コメリ 中間期連結2ケタ成長
建築、農業資材で健闘、通期も2ケタ見込む
 (株)コメリ(捧賢一会長、本社・新潟市米山4)は、10月30日、平成16年3月期の中間決算を発表。連結で2けた成長を達成した。

 春の低温、長梅雨、冷夏と小売にとって厳しい環境だったが、昨年下期にグループに入ったヤマキが貢献したほか、近年力を入れている建築・農業分野の資材の取り扱いを拡大し、増収を果たした。

 同社は、通期でも出店数を増やすとともに、業務用需要の取り込みも推進し、2けたの増収増益を見込んでいる。

 連結での売上高は、1085億2400万円で前年同期比12.4%増、経常利益は72億1200百万円で前年同期比10.7%増、中間純利益は40億9300万円で前年同期比17.6%増。グループ会社は15社で、連結子会社は12社。

 増収要因としては、従来は下期に多かった出店数を上期で19店と、前年同期からほぼ倍増し、売上高に貢献させた。同社では、1000店舗達成の目標を早めるべく、今期67店の出店を予定しているが、昨年までは、出店準備などの影響で出店が下期に集中していたものの、今上期から改善した。また、グループ子会社のミスタージョンが、業務提携後初めて、1店舗の出店を行っており、合計で上期は20店を出店したことになる。

 9月末の店舗数は、グループ会社も含み、622店舗で、34の都道府県に広がった。

 同社が、増収要因として挙げるもう一つの理由は、業務用の建材、農業分野の拡大だ。社員が携帯する手帳にも「建築資材・農業資材の流通革新を行おう」とのスローガンを明記して、従来からの流通体制に対して、価格面などからの需要取り込みを進めている。

 春の低温が園芸需要の立ち上がりに影響を与えたほか、夏の天候不順で苦戦を強いられたが、業務用に対応した売り場を展開した売場面積1万9000平方メートルのパワー河渡店やパワー新津店は春先の開店以来順調で、売上げの下支えとなった。
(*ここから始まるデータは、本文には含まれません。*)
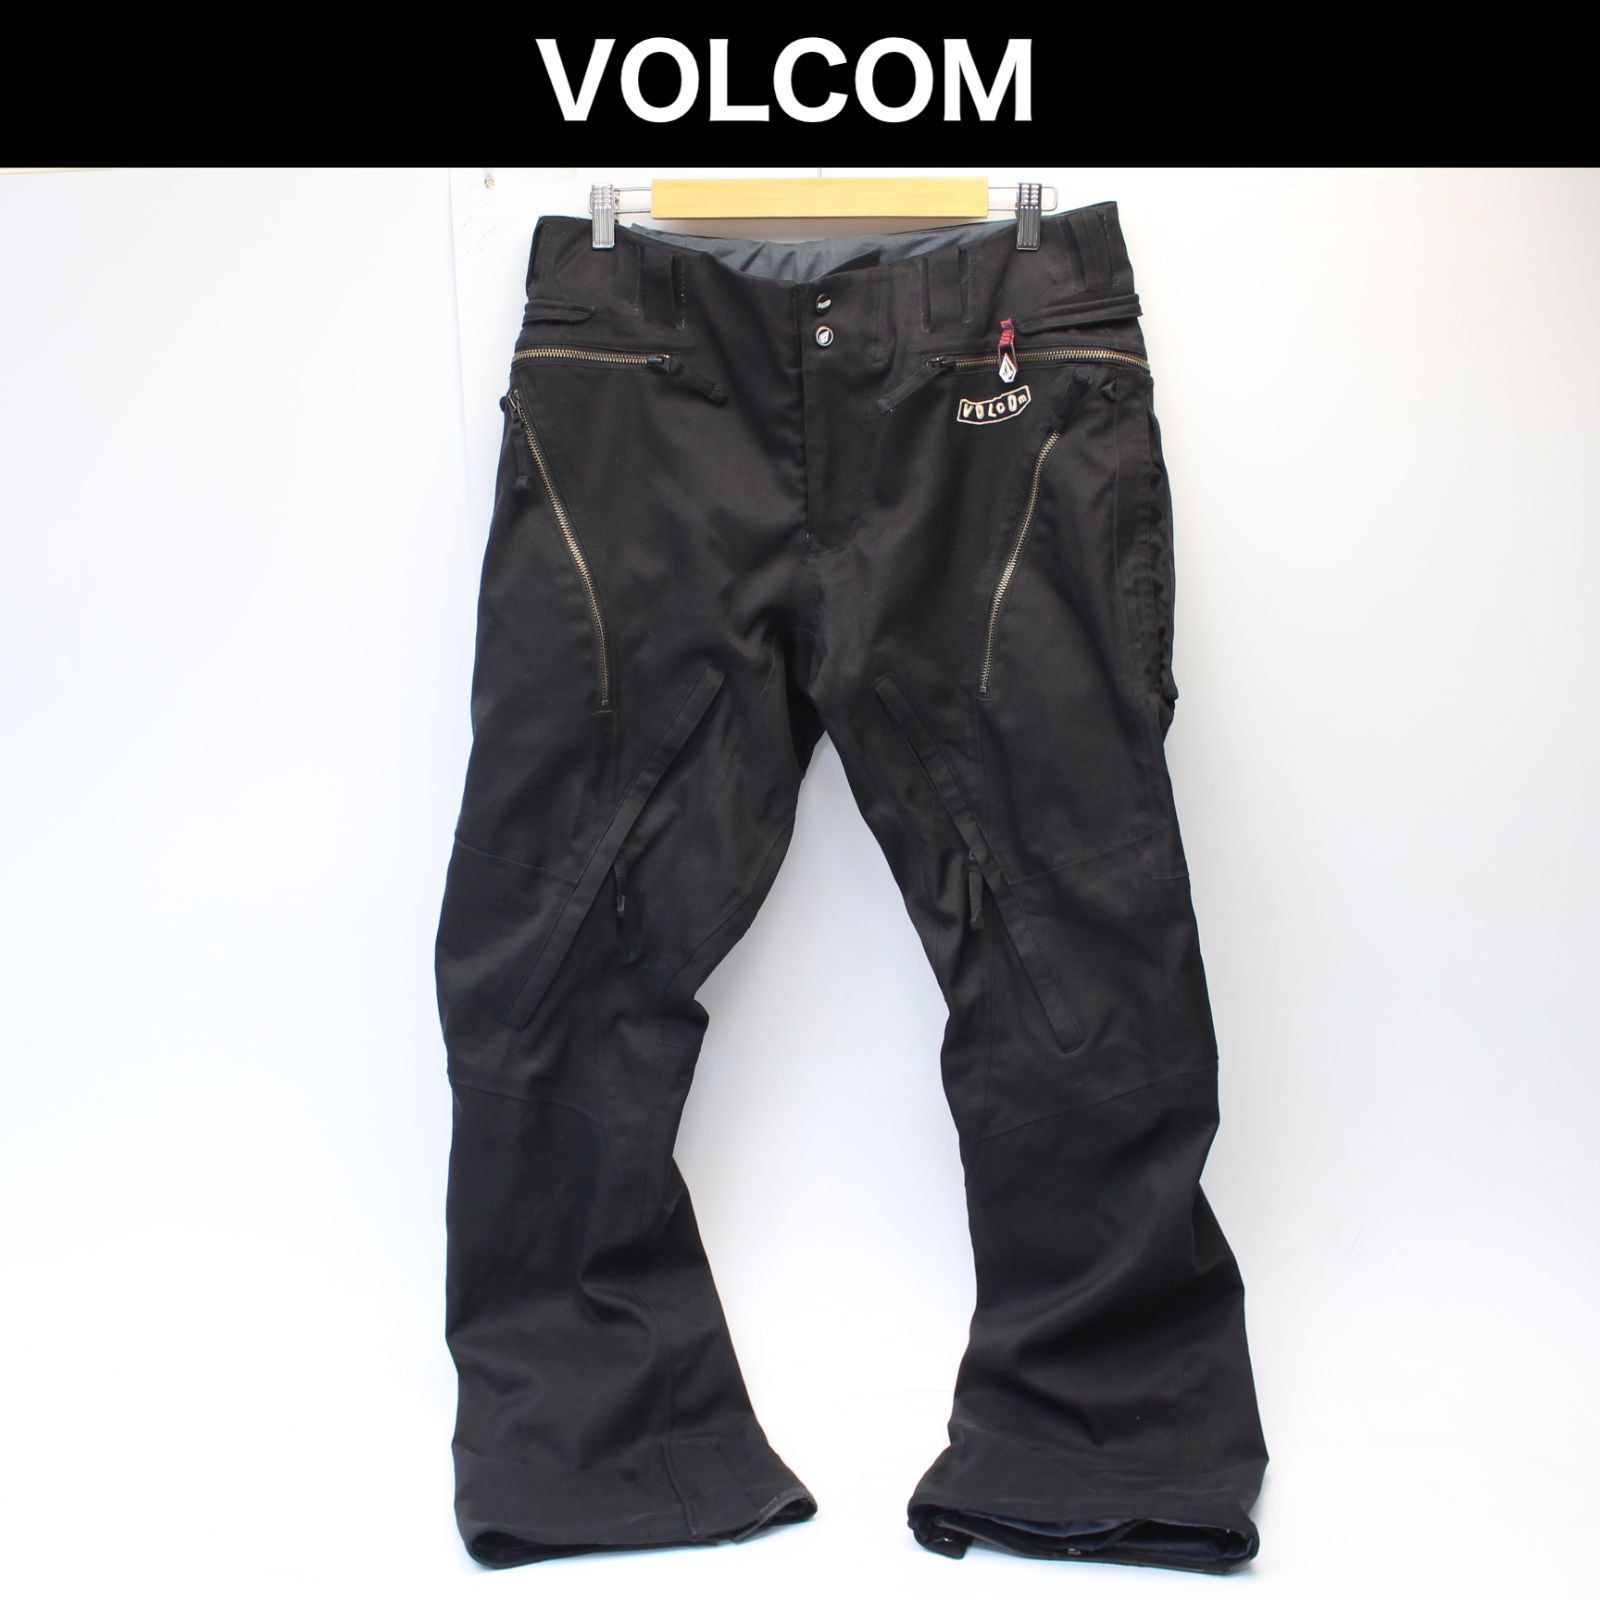 VOLCOM(ボルコム) メンズ CARBON PANT パンツ ブラック 黒 スノボ

 業務用資材などは、粗利の高い商品であり、構成比率が上昇したことで、増益の要因にもなっている。

 メーカー・生産者との直接取引についても積極的に進め、4ポイント上昇の46.5%とほぼ半数に達している。

 また、三条・燕地域のメーカーなどと共同開発したストアブランド商品のアイテム数も充実させ、期初から1079アイテムを増やし、合計で1万1600を超えた。

 同社単体での業績は、売上高が820億5900万円で前年同期比8.1%増、経常利益が58億300万円で前年同期比4.3%増、中間純利益が32億3800万円で前年同期比6.1%増。

 通期での見通しについては、4月に配送範囲を拡大した岡山の流通センターを活用し、西日本方面への出店数を増やしたい考えで、既存の出店地域にも追加出店を行っていくという。

 業務用需要の取り込みについては、インターネット販売との連携、業務用売掛カードの伸長を図る。農業分野では、春に使う資材、肥料の一括商談も進めていく。

 新たな需要の掘り起こしを進める一方で、グループ内の合理化も図っていく。

 通期の連結業績見通しは、売上高2210億円で前期比10.2%増、経常利益128億円で前期比12.1%増、当期純利益71億円で前期比14.1%増を見込んでいる。